On the issue as to whether the trial Magistrate erred in finding that it was only Hon. G Kinuthia who could review the judgment, the procedure is clear that when a judge or a Magistrate has rendered a judgement, it is incumbent upon the said person to review it unless he or she is out of station, on transfer, no longer in service or deceased. On this limb I find that the Learned Trial Magistrate misconstrued the issue that only Hon. Kinuthia was the only person that could review the judgment. This finding does not give life to the appeal on review as what the applicant sought was a second bite to the cherry to reopen the case and come up with a different decision.
This would not have changed the position as regards principles of review as there was no error apparent of the face of the record. If the appellant was aggrieved by the decision, then he could have filed an appeal against the judgment that gave the appellant less acreage.

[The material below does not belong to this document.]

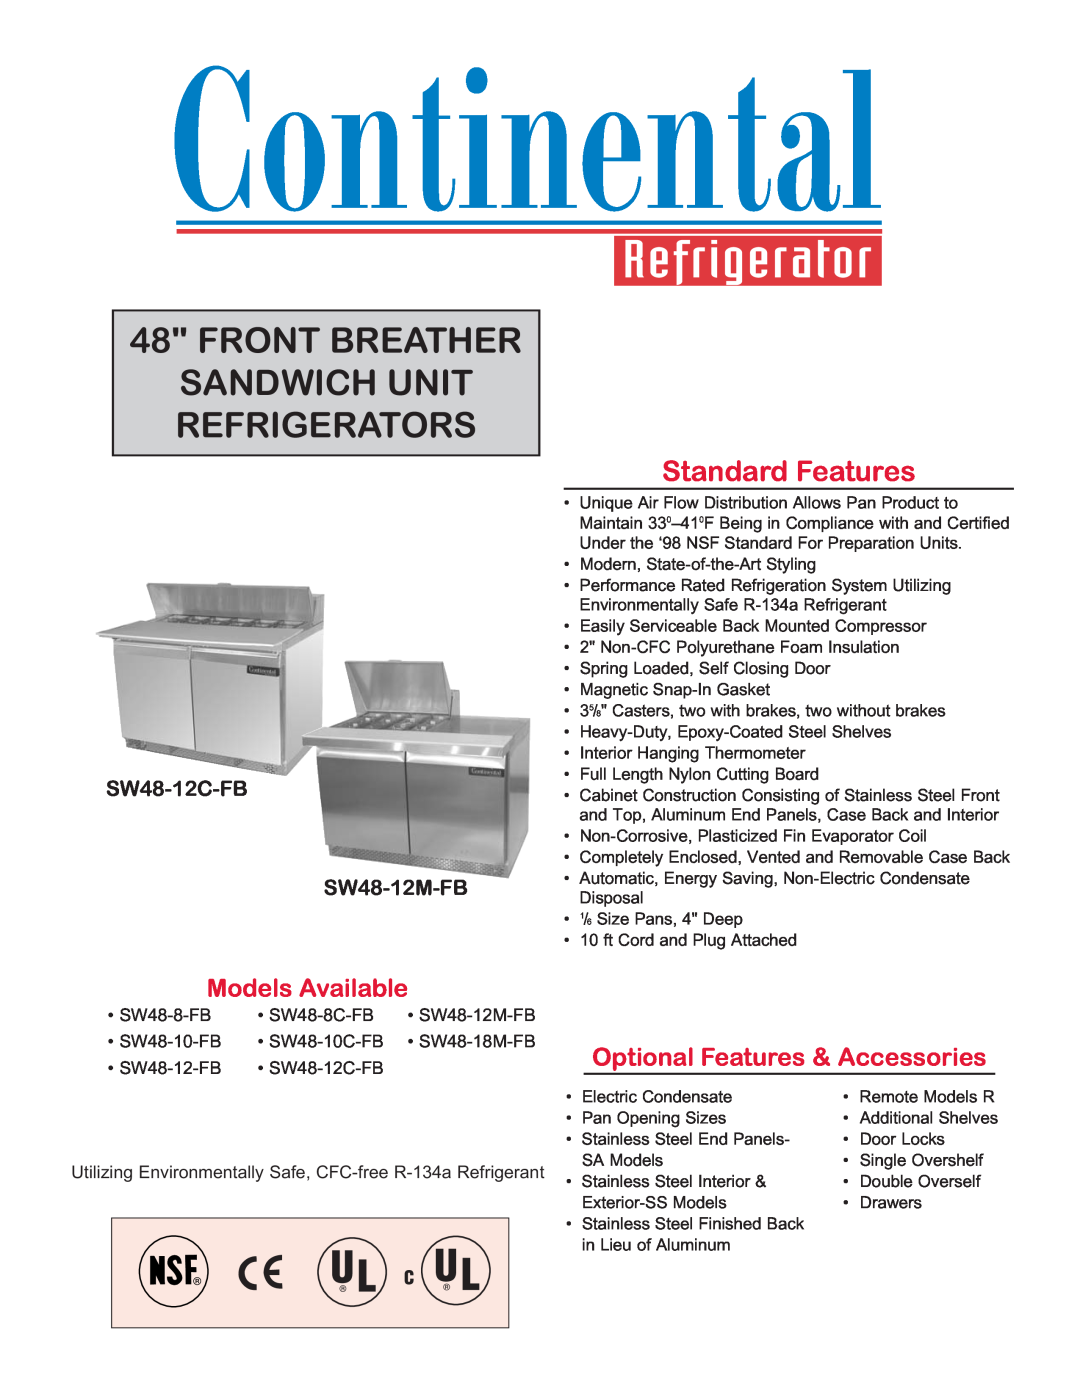 Continental Refrigerator SW48-18M-FB, SW48-8C-FB manual Front Breather Sandwich Unit Refrigerators, Standard Features 
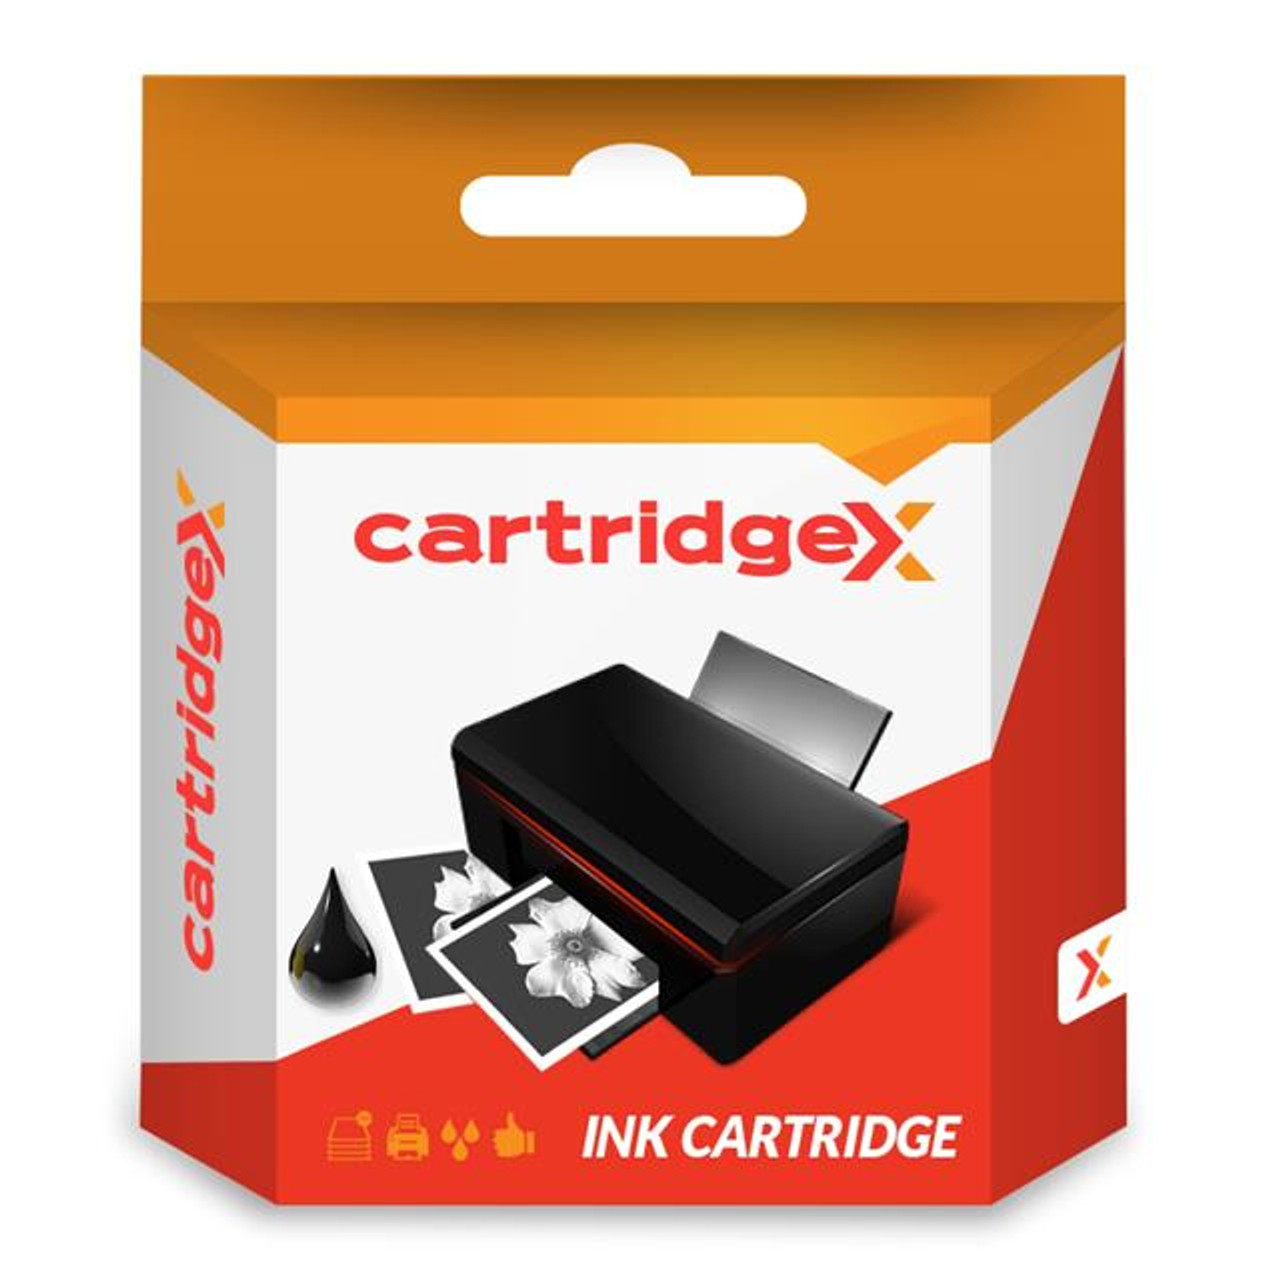 Compatible Ink Cartridge HP 303 XL Black 20ml

In Chittaley & Rao in the Code of Civil Procedure(4th Edn) Vol. 3, pg 3227 explains the distinction between a review and an appeal in the following words: -
“A point which may be a good ground of appeal may not be a ground for an application for review. Thus, an erroneous view of evidence or of law is no ground for a review though it may be a good ground for an appeal.”
The application also suffered from inordinate delay having been filed after 5 years from the date of the Judgment. The explanation given that the appellant changed advocates is not a sufficient reason to explain away the delay. The applicant also filed an application in the High court for extension of time to lodge an appeal out time which was dismissed with costs. Litigation must come to an end at some point.
I find that the appeal lacks merit and is therefore dismissed with costs to the respondent.